Libra, underworld. dietrologia et counternarrative.

outremondeDon DeLillo formule, dans le paratexte de Libra, dans plusieurs articles mais aussi au sein du roman Outremonde, une conception de son projet historiographique. Il entend tout d’abord « remplir les vides, les lacunes de l’histoire », et pour ce faire, propose plusieurs notions. Dans Outremonde, l’un des personnages parle de la dietrologia, « la science de ce qui est derrière quelque chose, derrière un événement ». De même, il parle dans un article de « counternarrative », que l’on pourrait traduire par contre-récit. DeLillo n’est certes pas le seul à considérer le travail romanesque comme entreprise de réécriture historique. L’écriture souterraine de l’histoire, tout autant que l’écriture de l’histoire souterraine, occupe une place importante dans l’histoire du roman, considéré comme genre historique par excellence.

DeLillo, particulièrement dans son roman Outremonde – chef d’œuvre de la littérature de la fin du XXe siècle – parvient à donner un tour littéraire impressionnant à son projet d’écriture de l’histoire. Face aux fictions étatiques, il construit un roman-fleuve qui court de 1951 jusqu’à 1992 et traverse la guerre froide. Les motifs du souterrain, de l’outre-monde ou du déchet sous-tendent le courant idéologique qui traverse l’histoire officielle, institutionnalisée, et dont l’écriture romanesque écrit le verso, les vies infimes. Plus tard, dans Mao II mais aussi dans L’homme qui tombe, DeLillo réussit le pari littéraire de situer l’entre-deux d’une réflexion sur le terrorisme qui échapperait et au complot – ersatz simplifié du plot romanesque, dont il est en quelque sorte le frère ennemi – et à la fiction de l’État. Ce ne sont plus les tours, les tours du World Trade Center, qui tombent, mais bien l’homme. L’incipit du roman le prouve : DeLillo choisit d’éloigner son personnage des Tours, dont il sort, pour le conduire en périphérie de l’événement.

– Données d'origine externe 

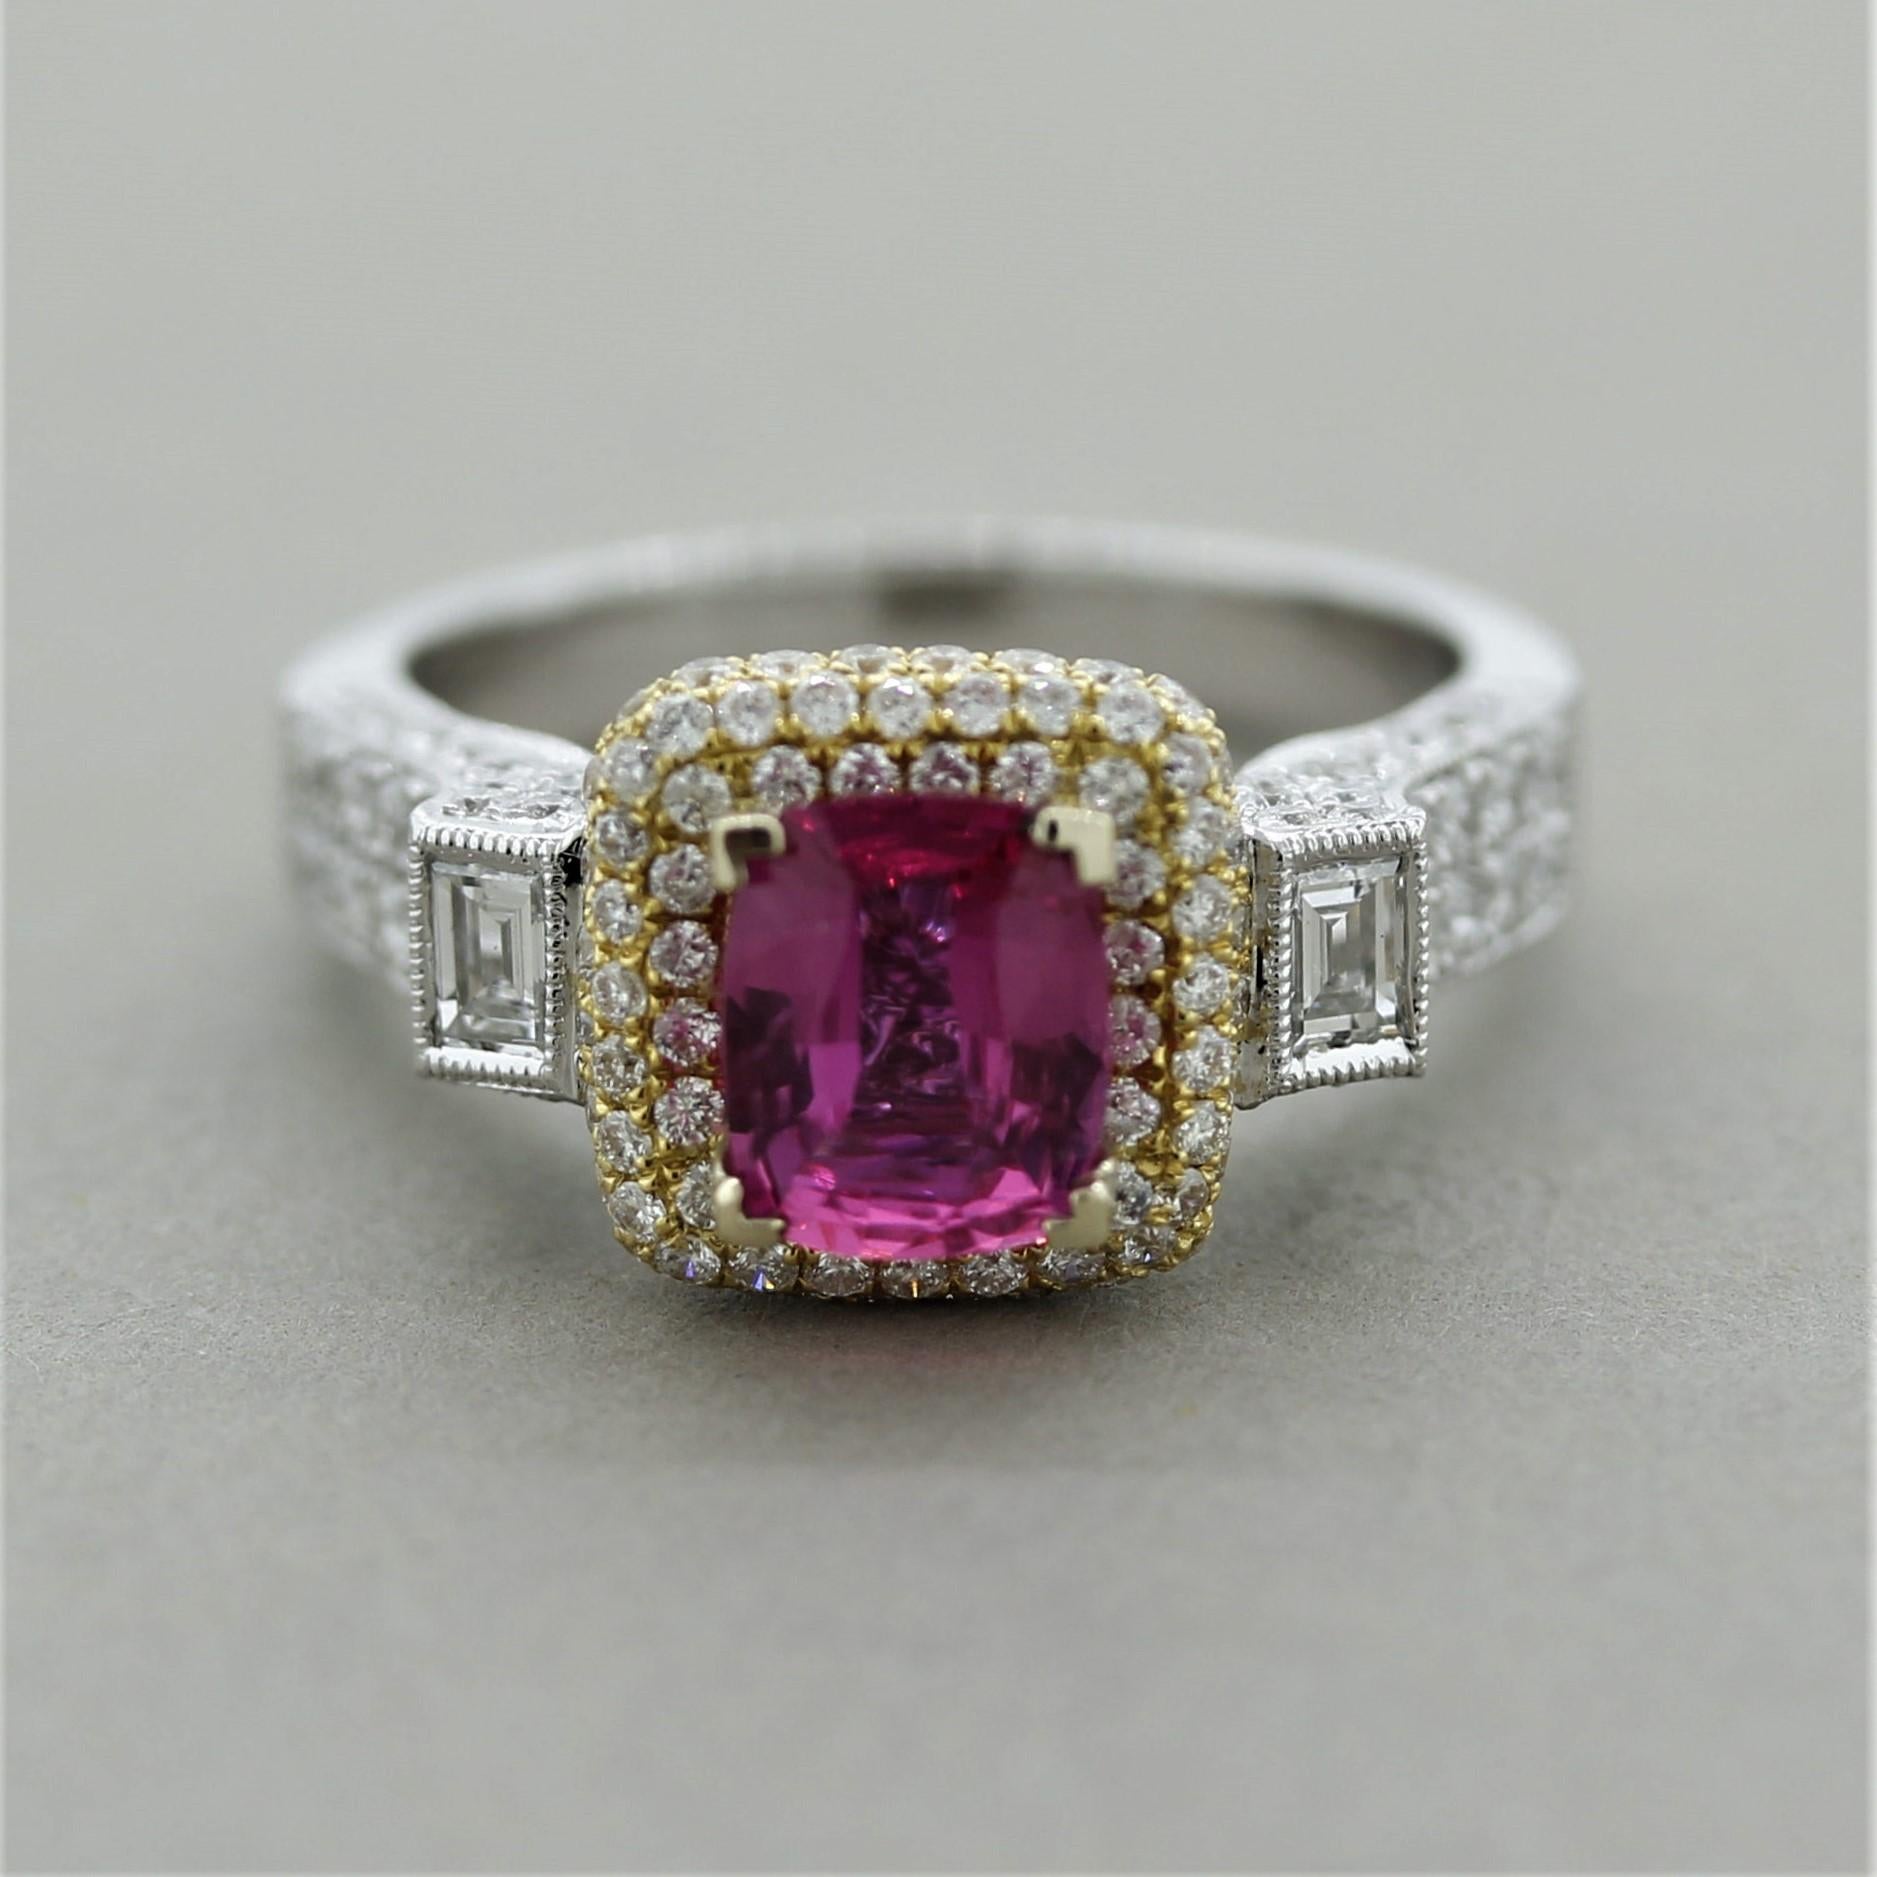 A luscious gemstone ring featuring a 1.25 carat vivid pink sapphire with a hint of red. It is cushion shaped and accented by 1.45 carats of round brilliant and baguette cut diamonds. Made in 18k gold, the sapphire is set in rose gold while the rest
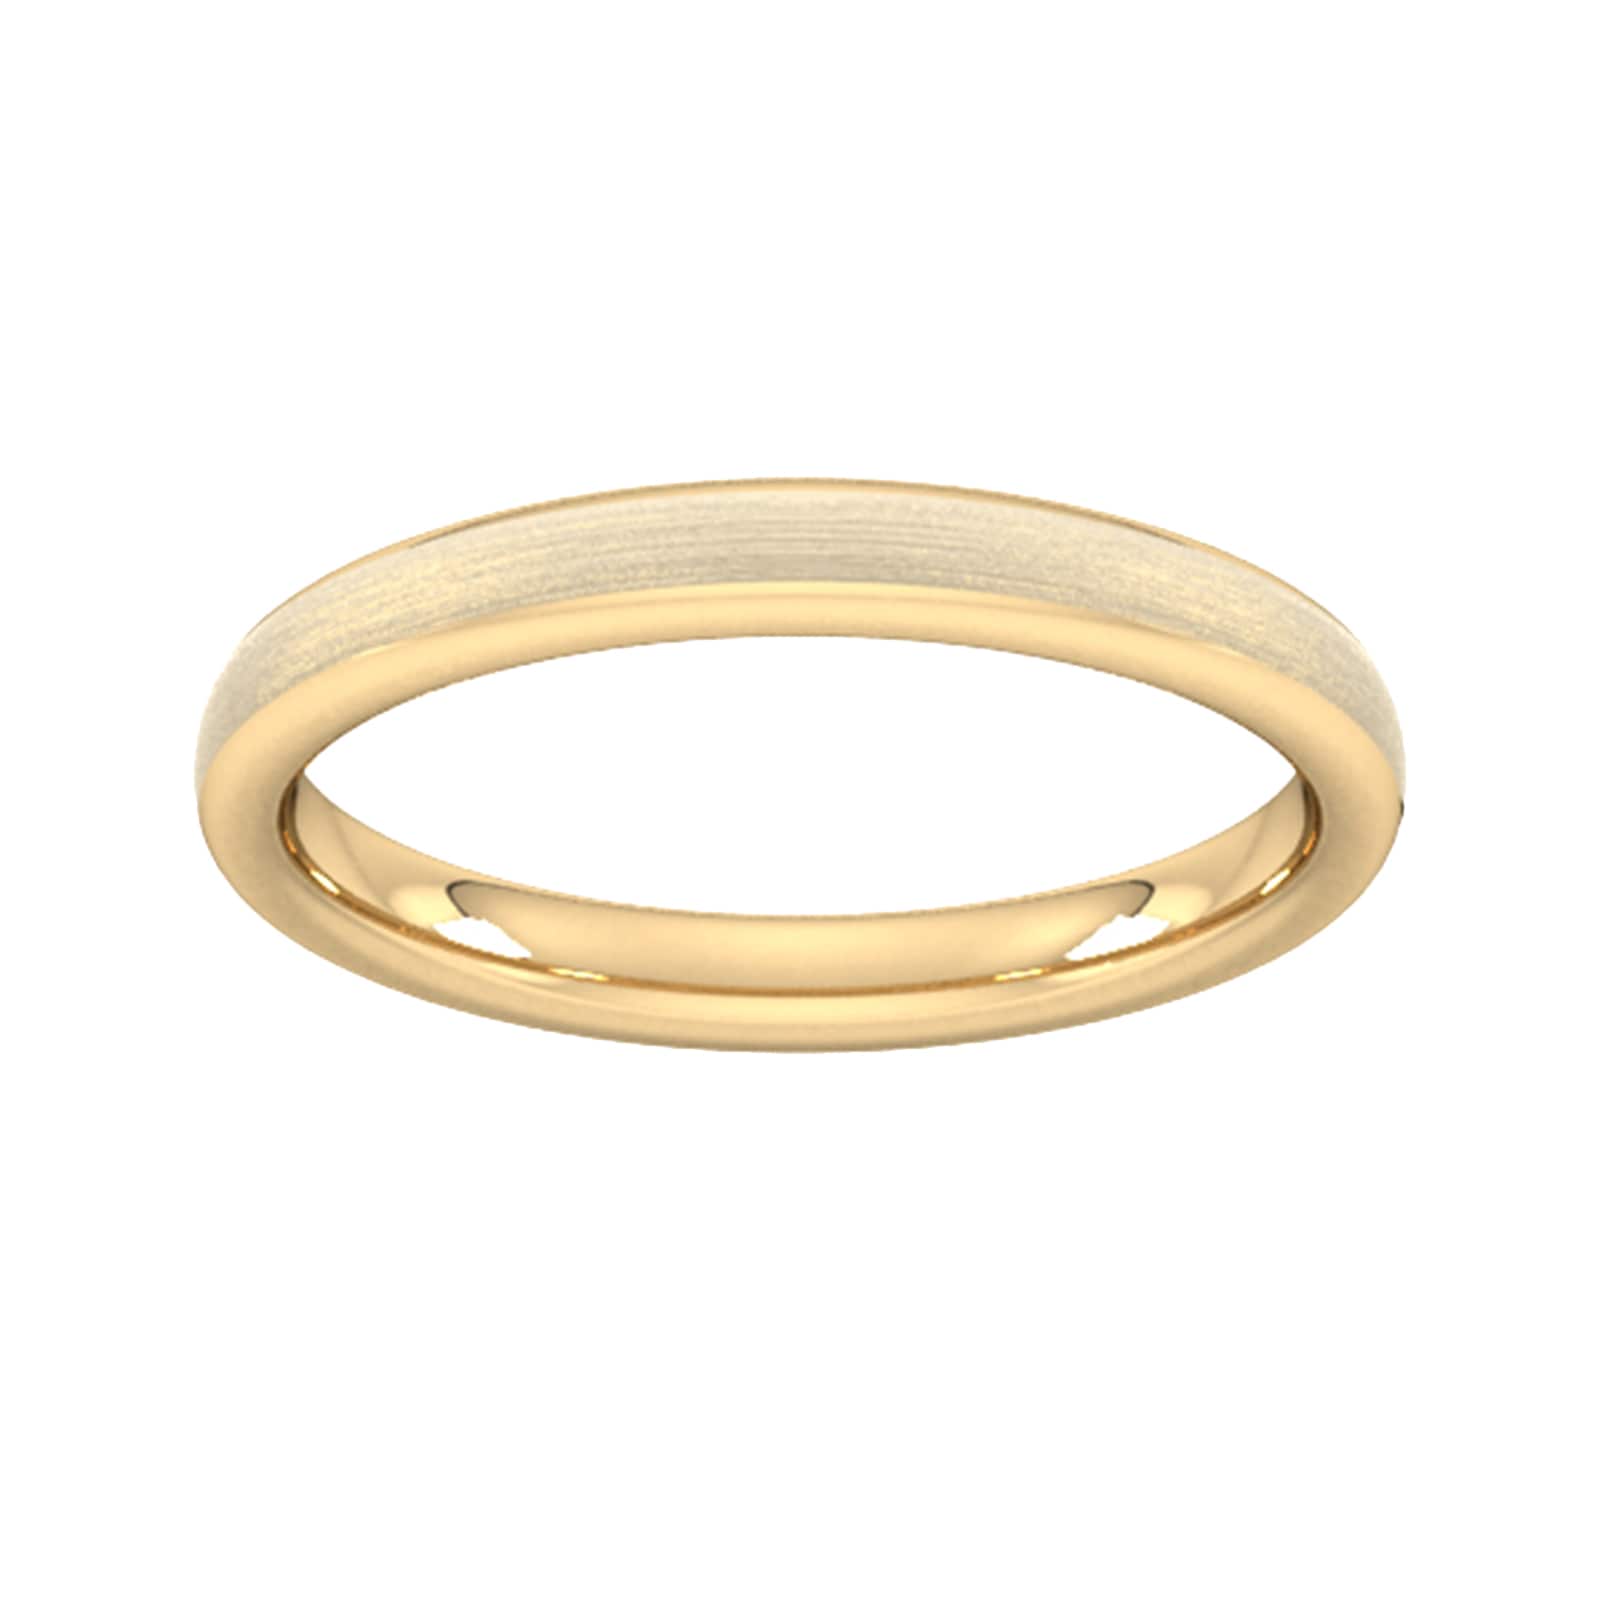 2.5mm Traditional Court Heavy Matt Finished Wedding Ring In 18 Carat Yellow Gold - Ring Size U

Dans son dernier roman, Point Omega, la réflexion sur l’événement et l’histoire prend un tour autrement plus philosophique. Cet universitaire à la retraire, Richard Elster, qui a participé à la conceptualisation de l’intervention américaine en Irak, discourt à propos du point Oméga, la théorie de Teilhard de Chardin qui désignerait un stade ultime de la conscience. À l’avènement succède l’événement, la disparition tragique et inexpliquée de sa fille. L’histoire, dans son œuvre, est essentiellement déceptive, parce qu’elle demeure une chose inexpliquée, incontrôlable. En cela, DeLillo est un auteur dit postmoderniste, non au sens d’une lucidité ou d’une réflexivité permanente de l’écriture envers elle-même, mais dans la mesure où il se situe dans ce que Lyotard appelle « une anamnèse du projet moderne », s’entend, une réflexion sur les raisons de sa chute ou de son dévoiement.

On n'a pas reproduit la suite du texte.